--- Collected data ---

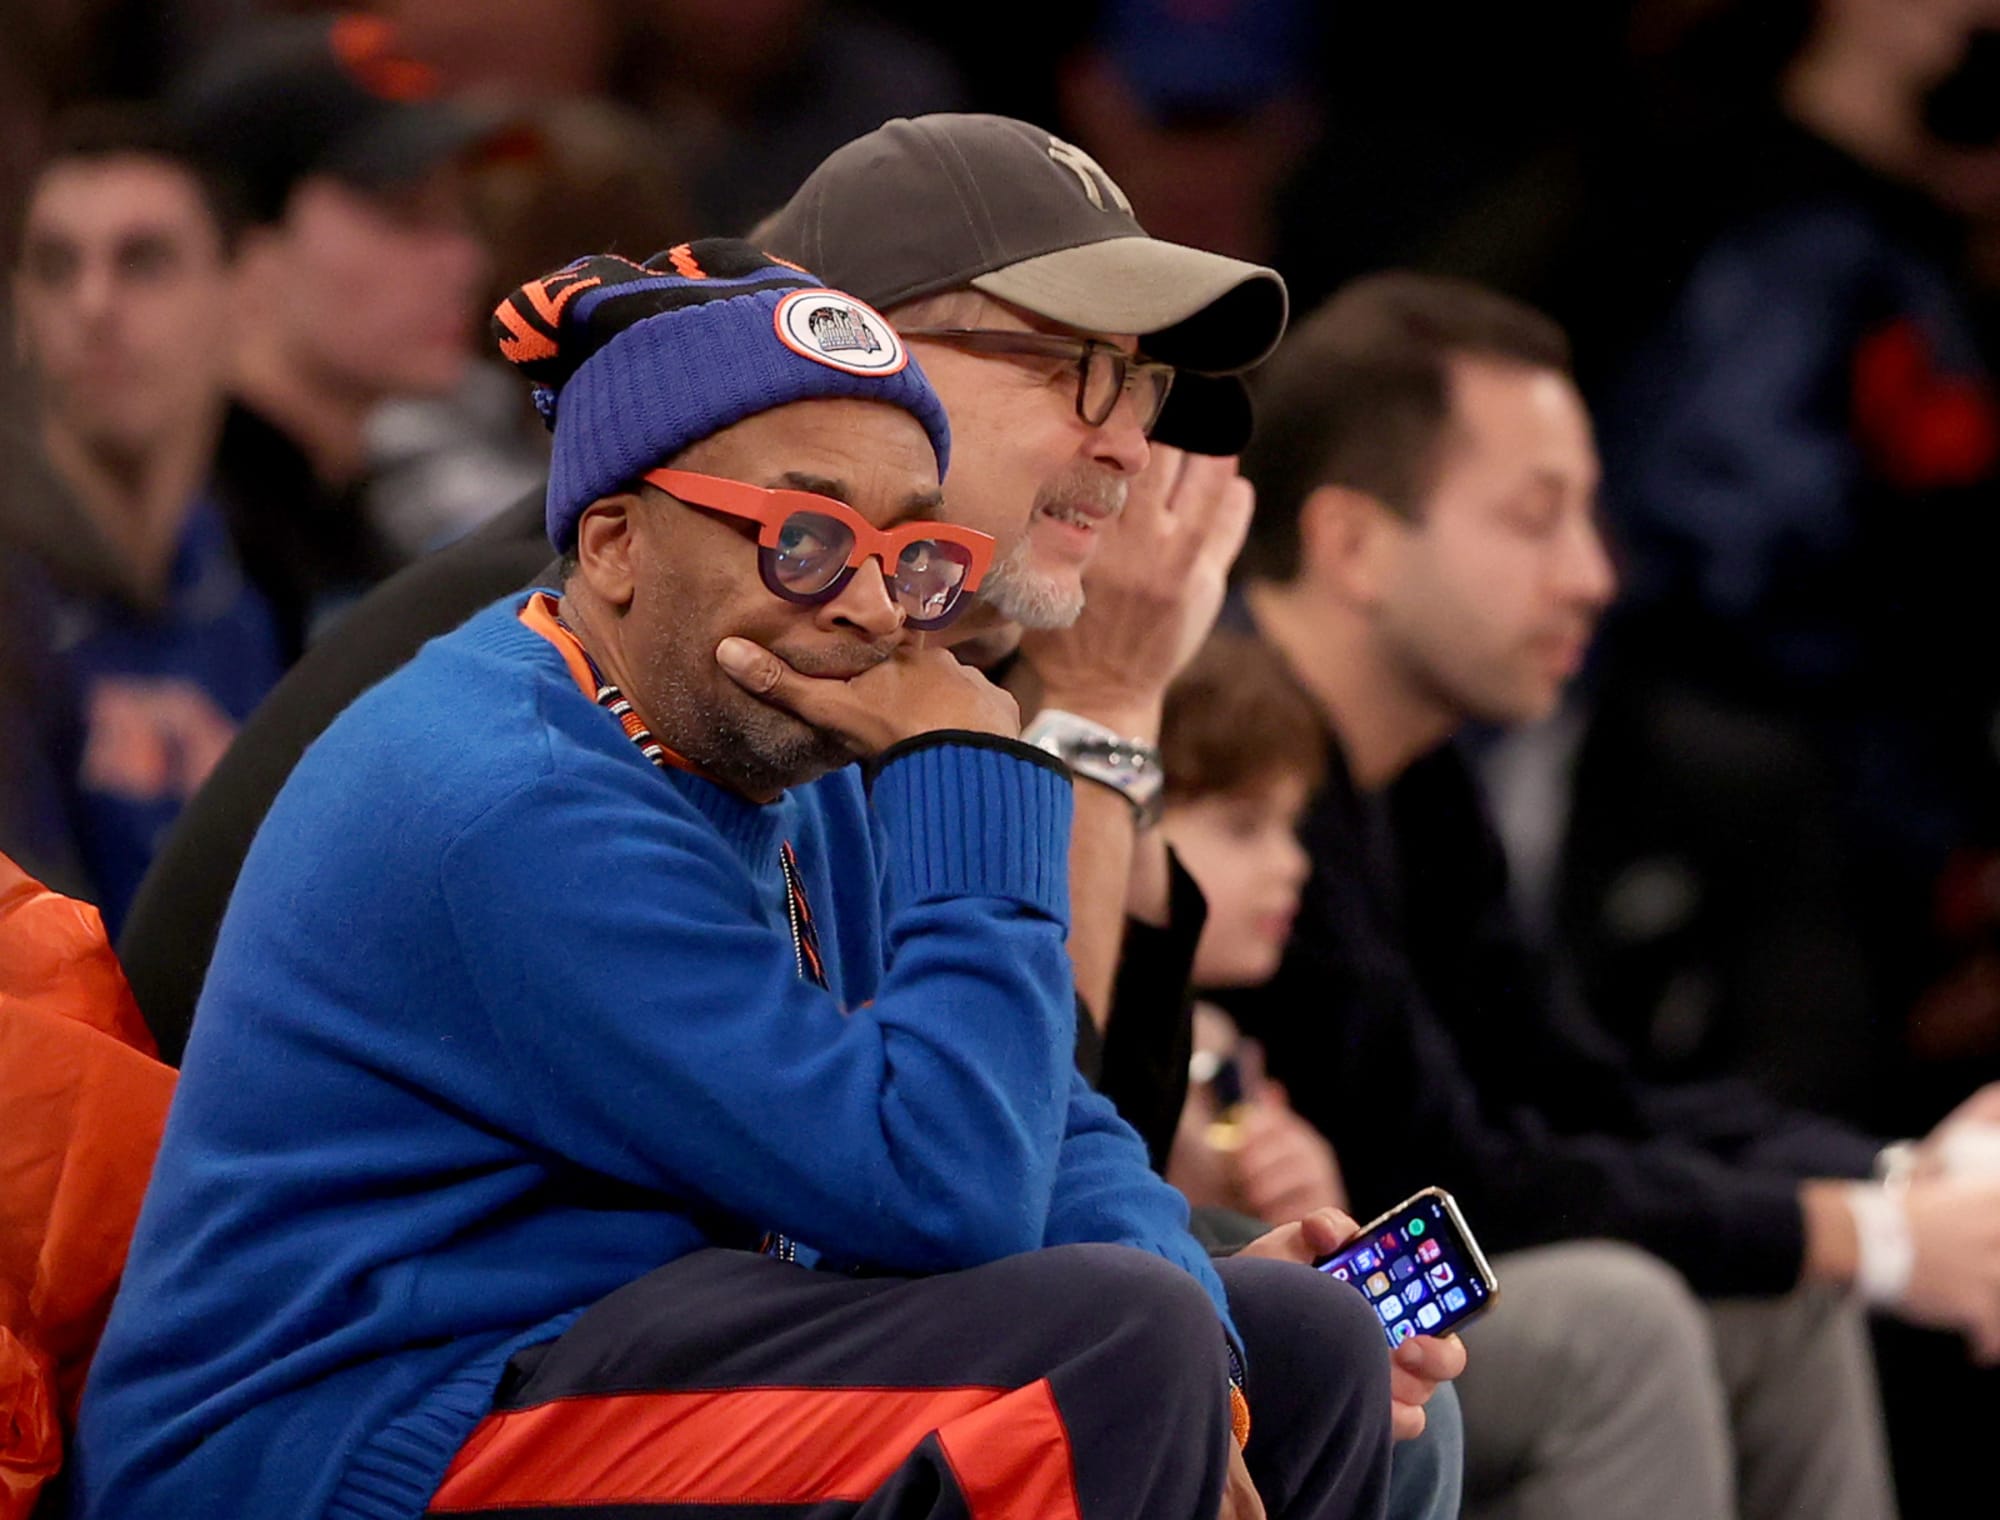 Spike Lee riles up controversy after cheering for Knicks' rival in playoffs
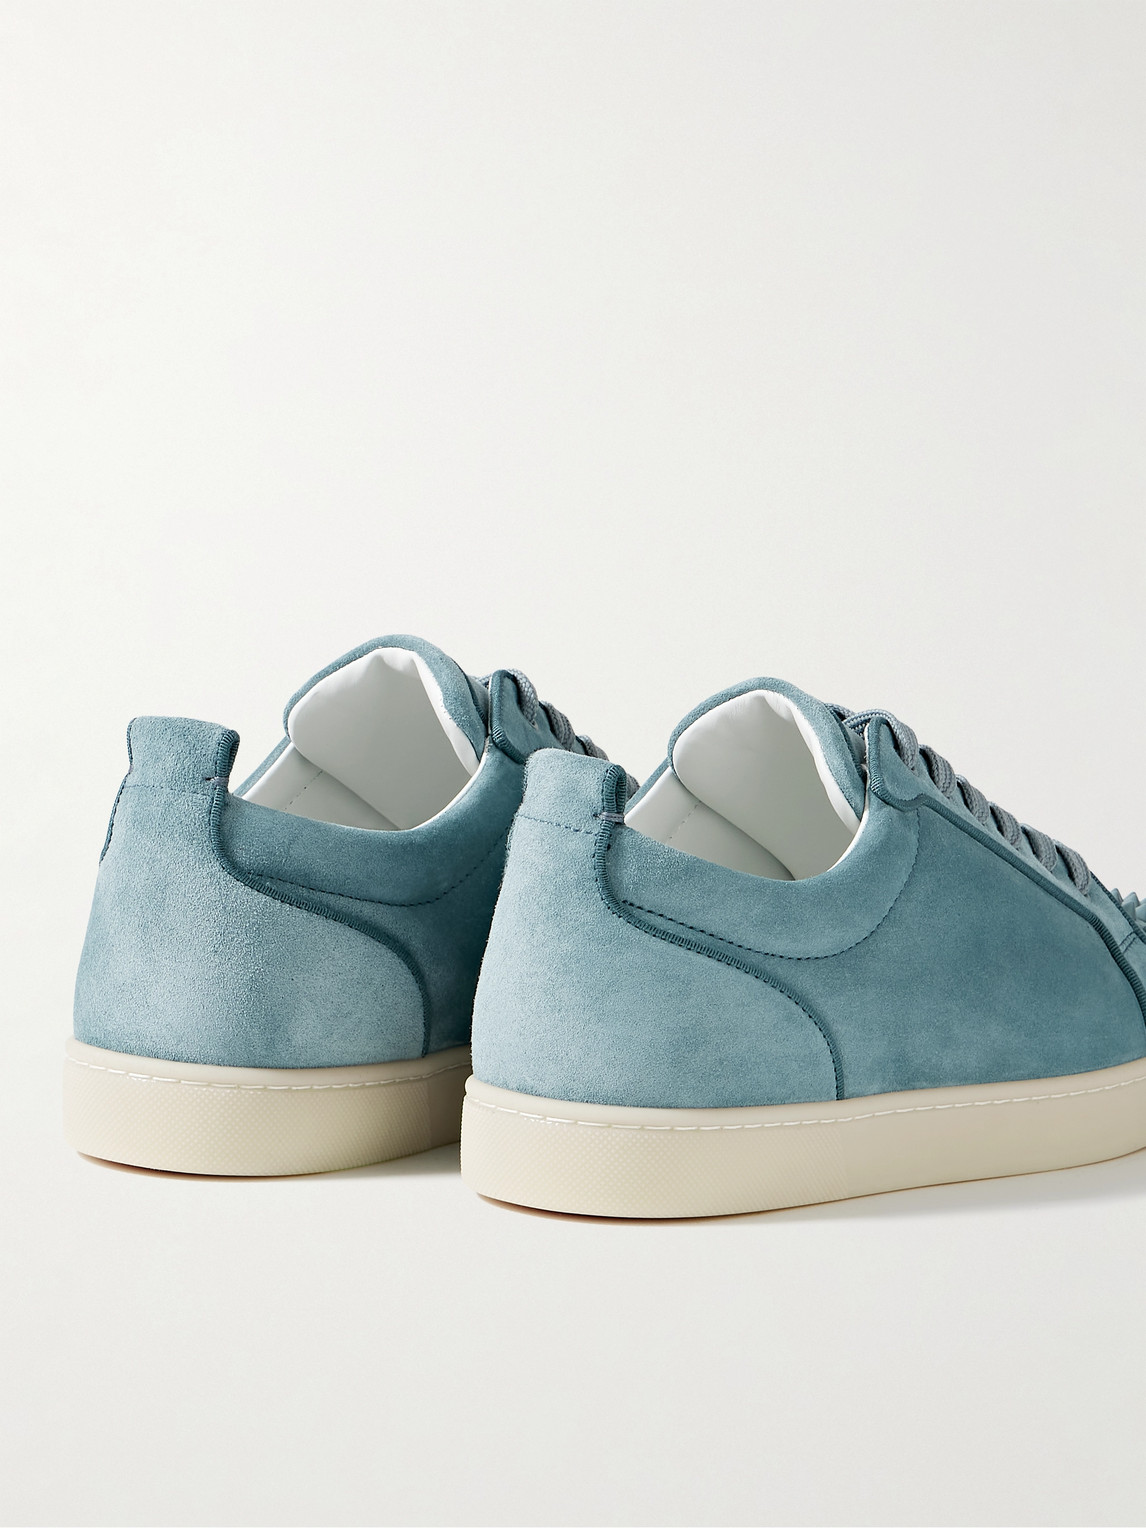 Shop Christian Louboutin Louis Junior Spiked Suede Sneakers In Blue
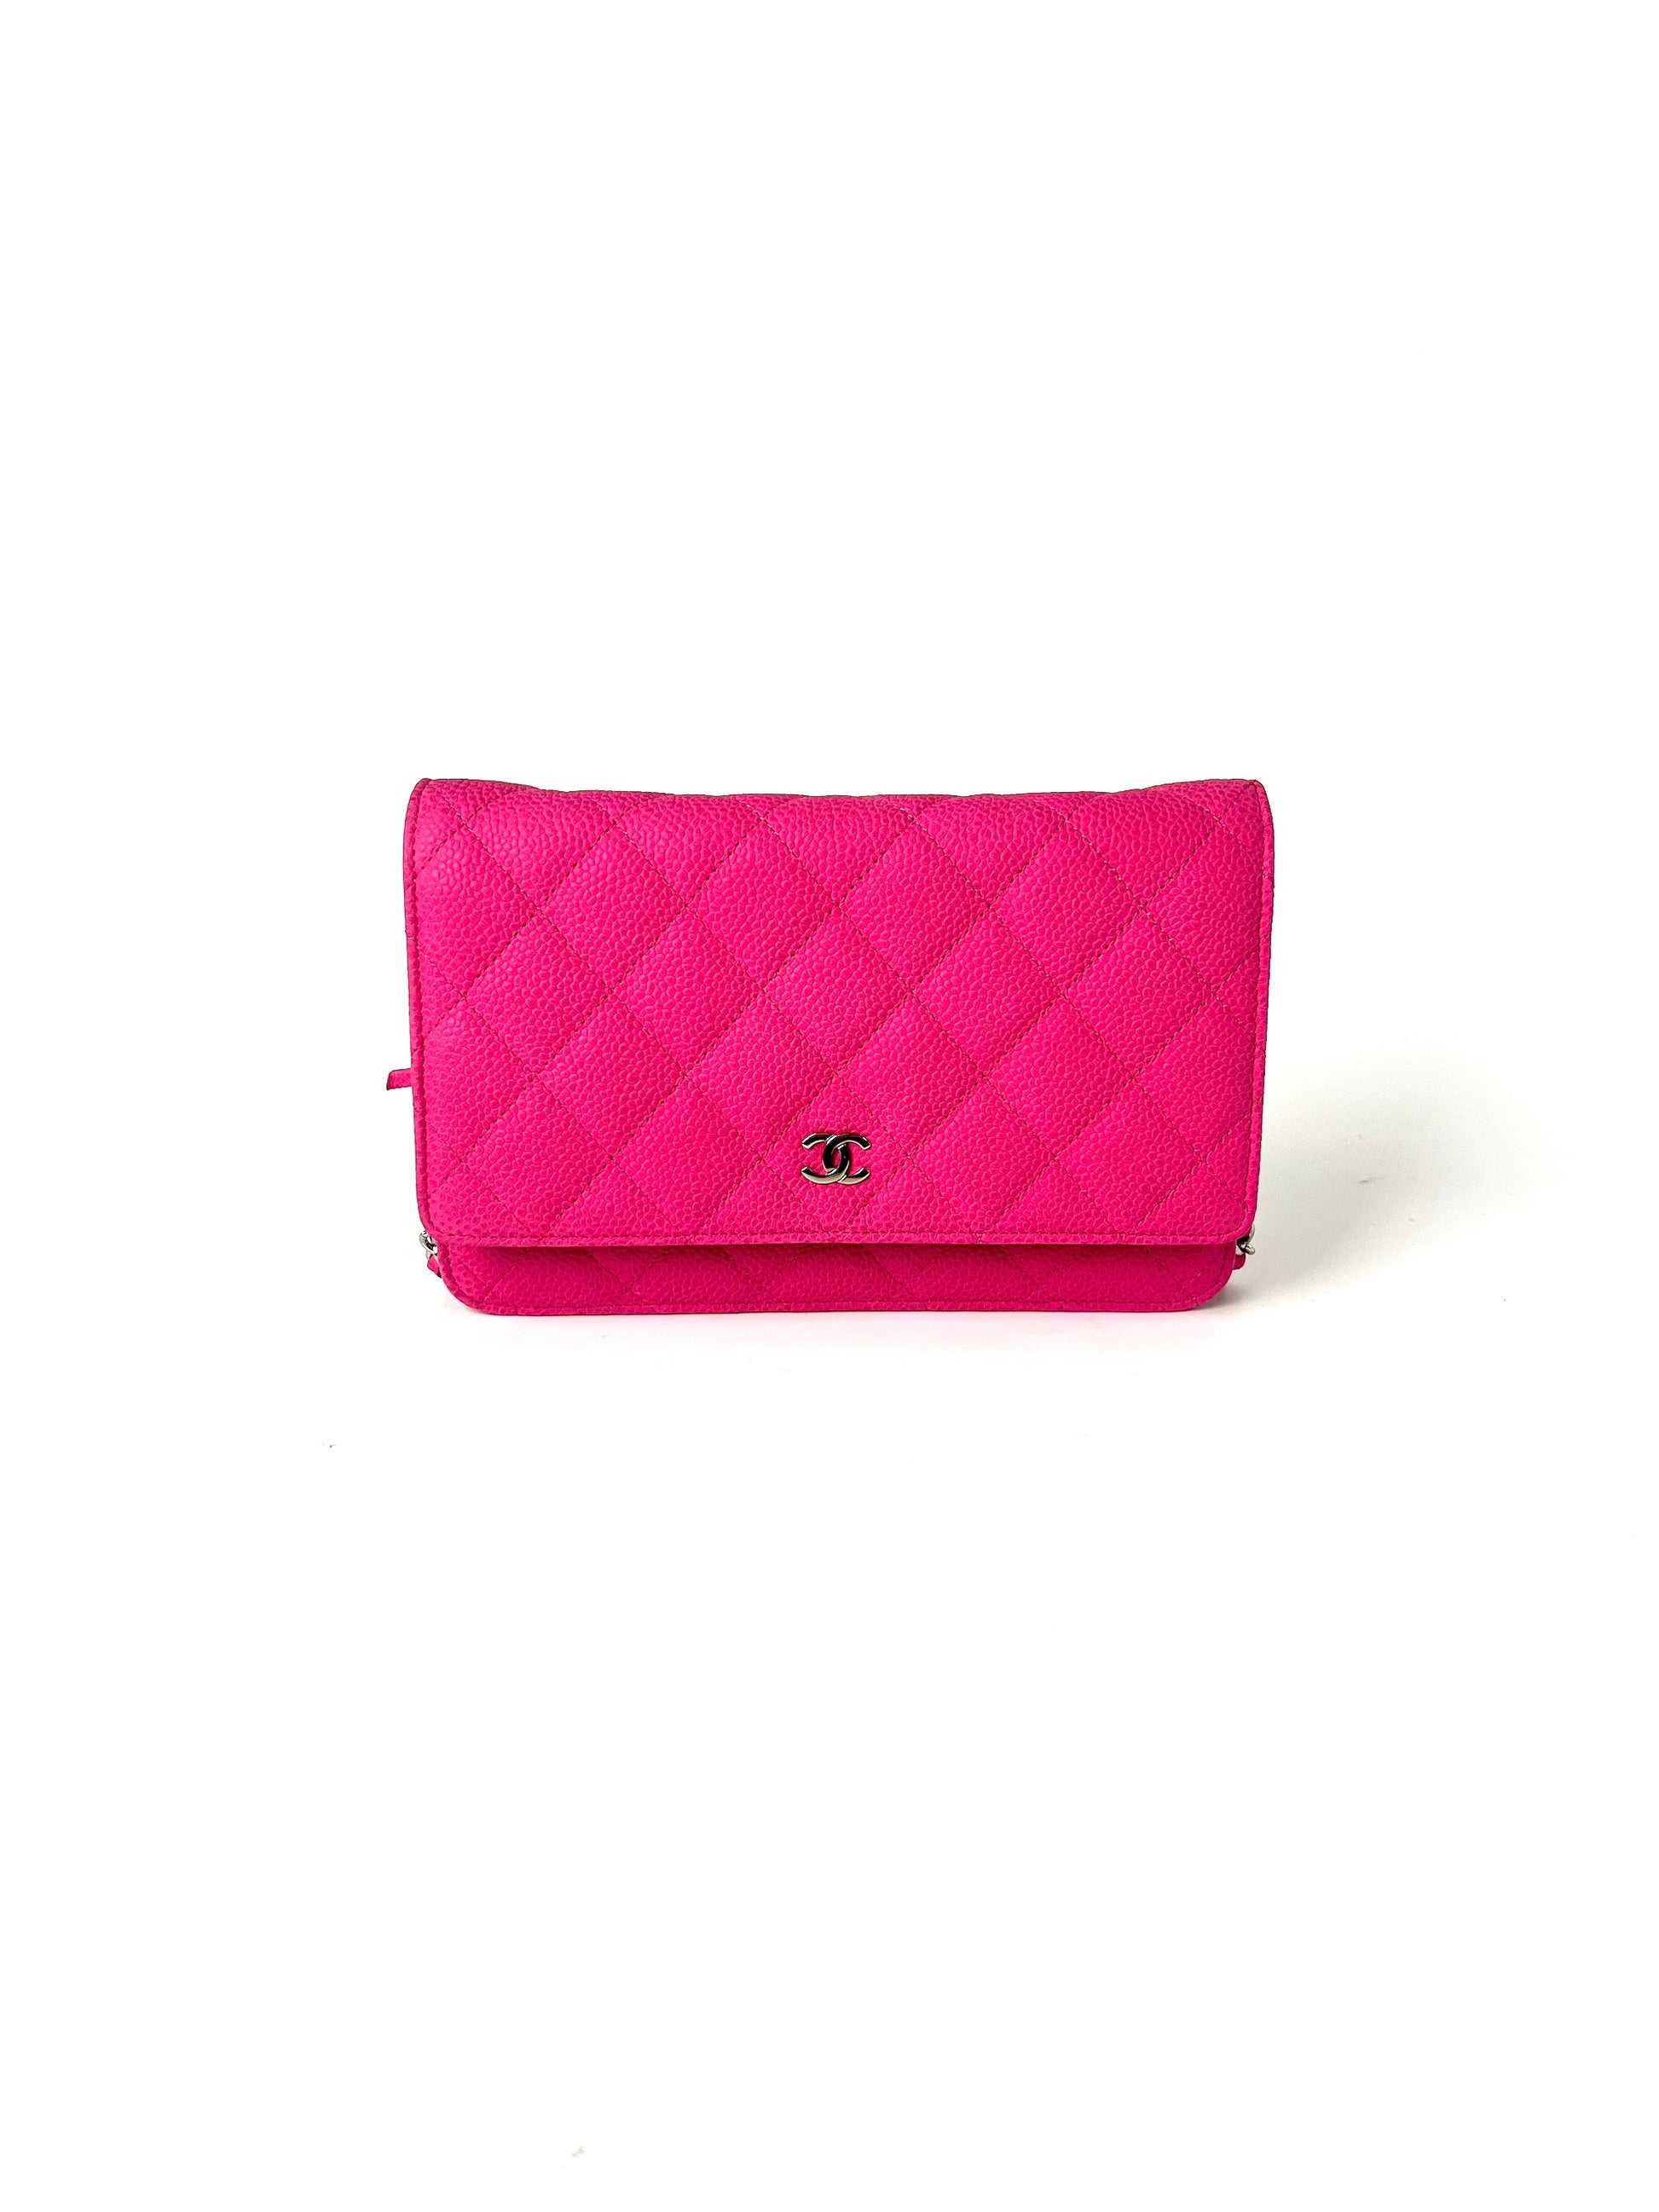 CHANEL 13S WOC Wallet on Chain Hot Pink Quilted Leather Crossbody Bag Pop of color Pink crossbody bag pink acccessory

---

Required action: Take the listing above and retype it exactly. Its pictures are to be omitted.

Answer to the exercise:
 Spike Lee riles up controversy after cheering for Knicks' rival in playoffs
 Shop Christian Louboutin Louis Junior Spiked Suede Sneakers In Blue
 CHANEL 13S WOC Wallet on Chain Hot Pink Quilted Leather Crossbody Bag Pop of color Pink crossbody bag pink acccessory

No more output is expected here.